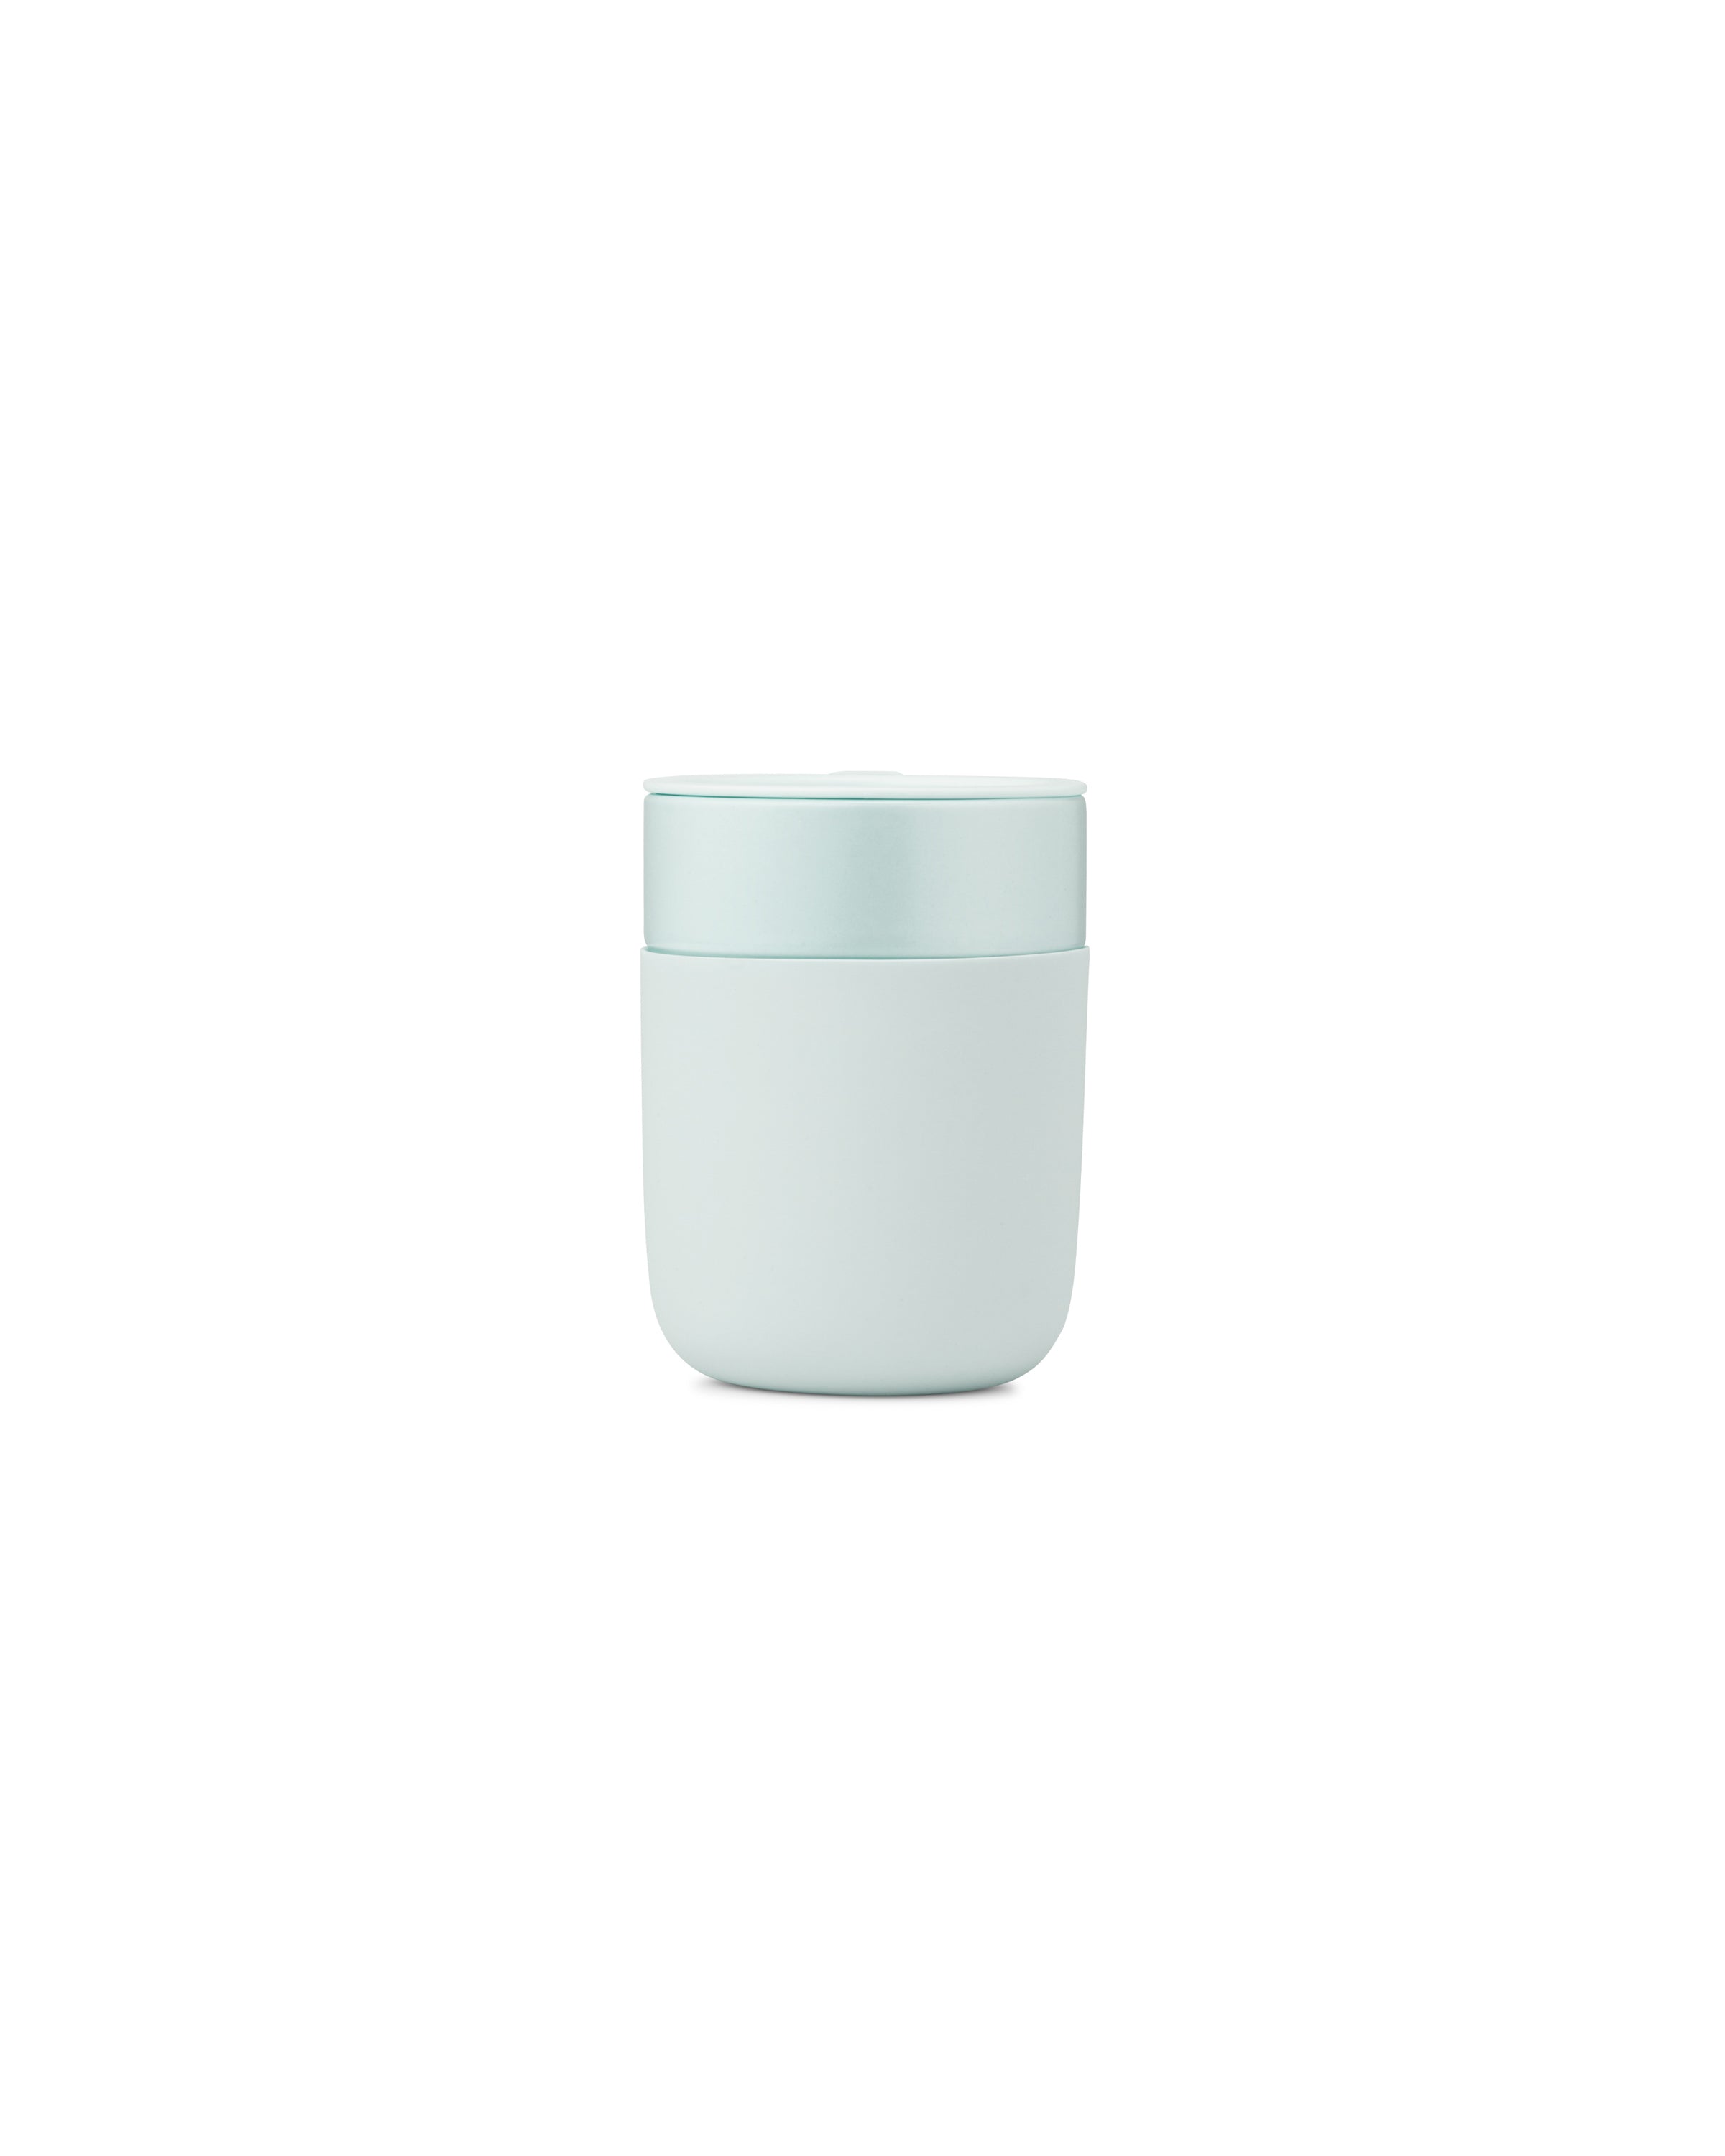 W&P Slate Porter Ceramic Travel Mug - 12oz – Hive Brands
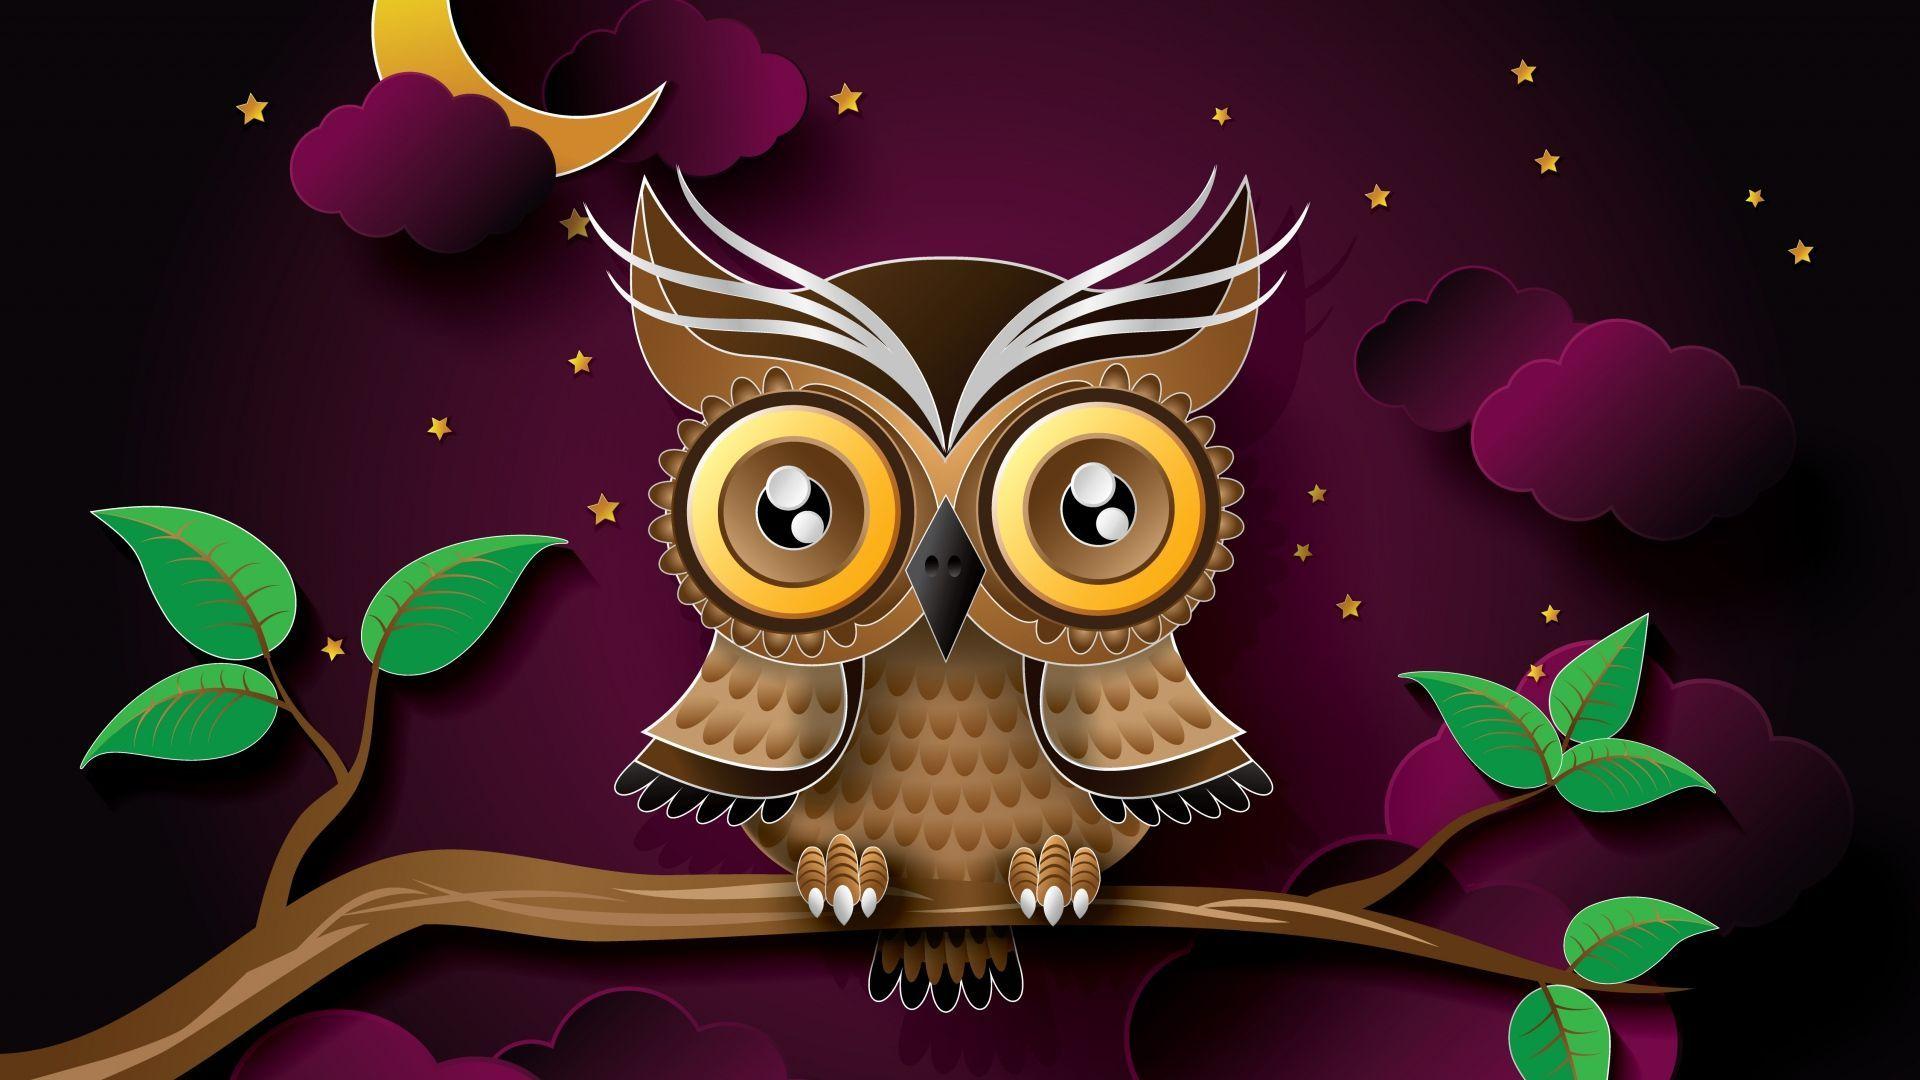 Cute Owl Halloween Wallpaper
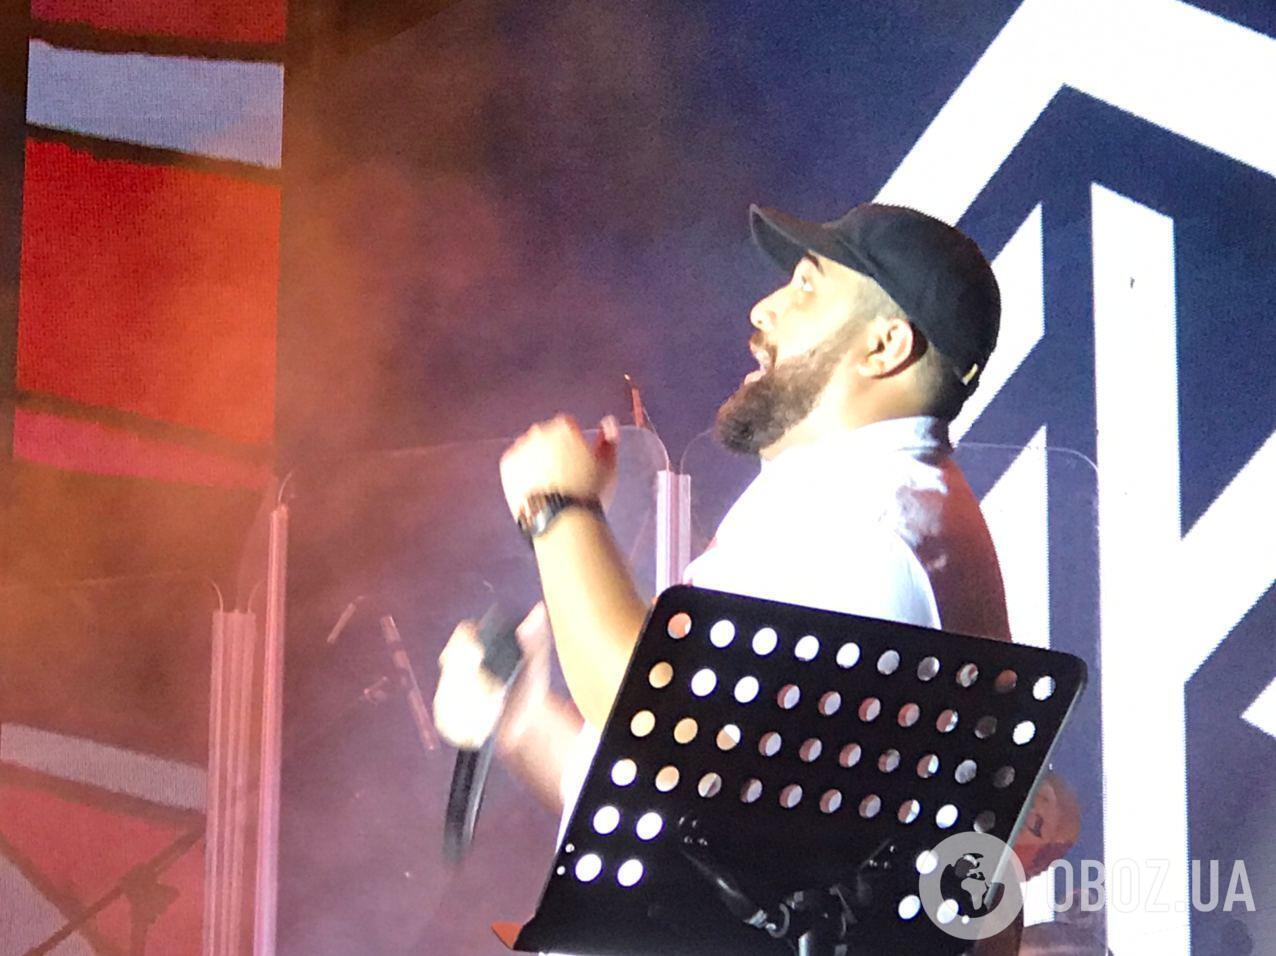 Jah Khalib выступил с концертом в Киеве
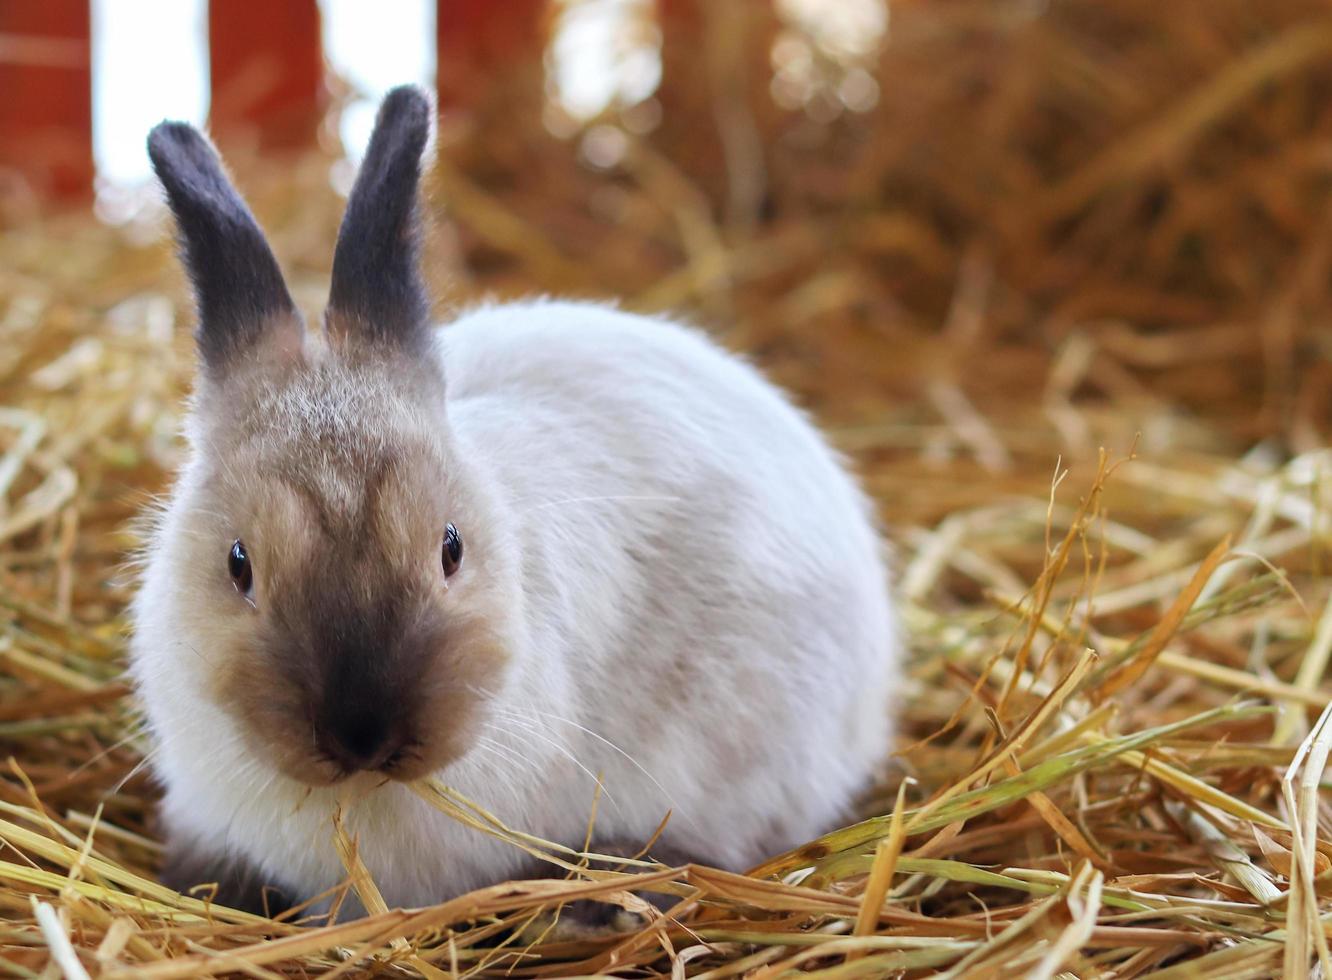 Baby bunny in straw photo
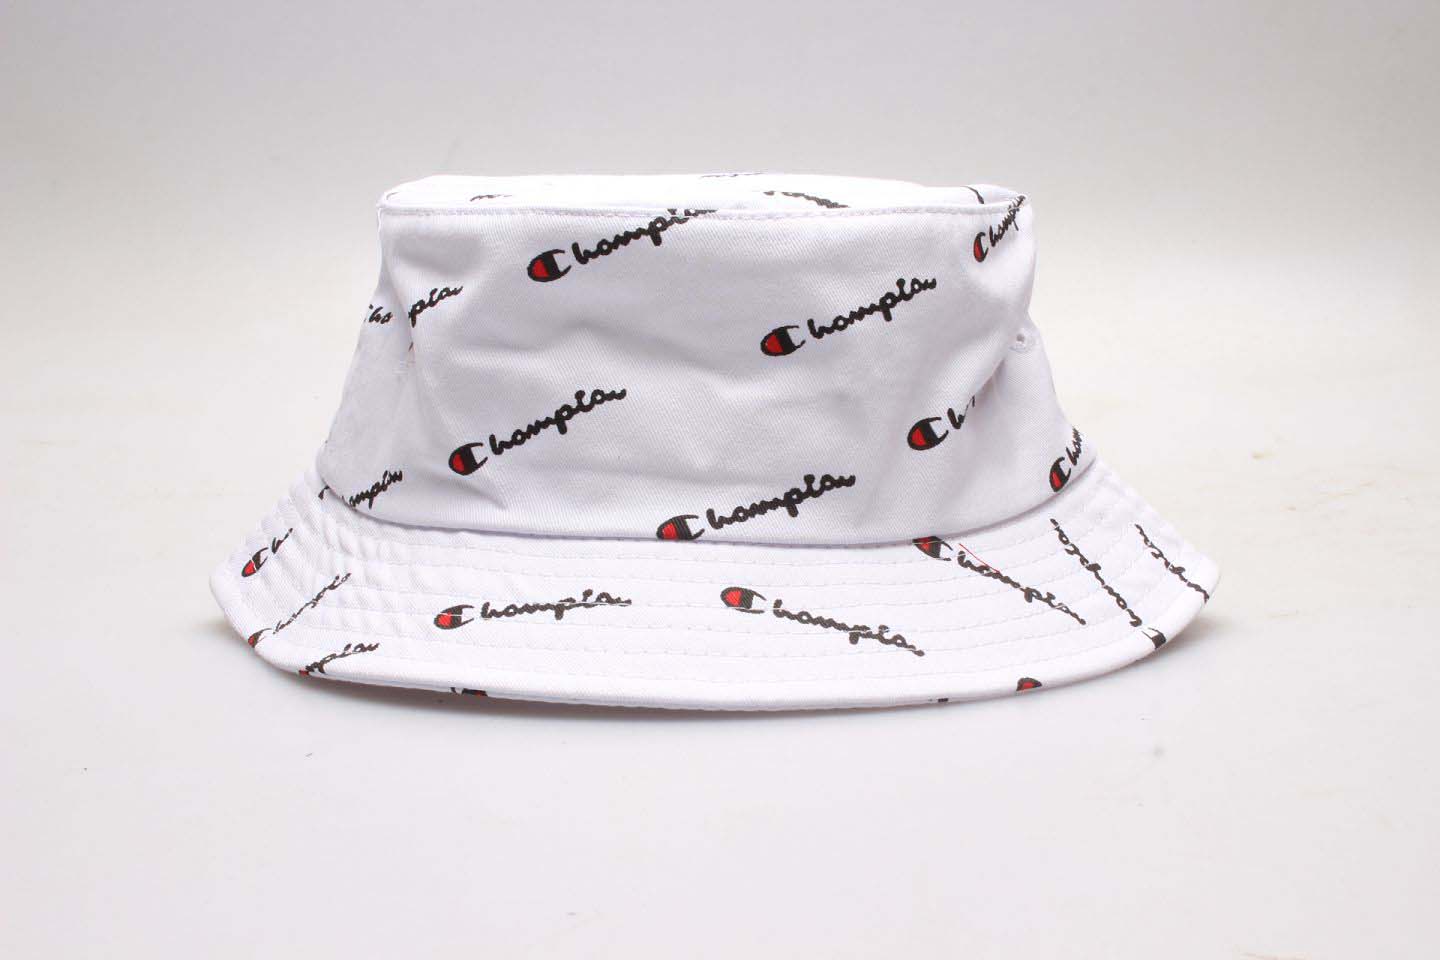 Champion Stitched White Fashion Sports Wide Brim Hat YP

§ ABOUT THIS TASK: Each entry above should be copied exactly. The pictures should not.

§ EXERCISE ANSWER:
 W&P Slate Porter Ceramic Travel Mug - 12oz – Hive Brands
 Cute Owl Halloween Wallpaper
 Jah Khalib выступил с концертом в Киеве
 Baby bunny in straw photo
 Champion Stitched White Fashion Sports Wide Brim Hat YP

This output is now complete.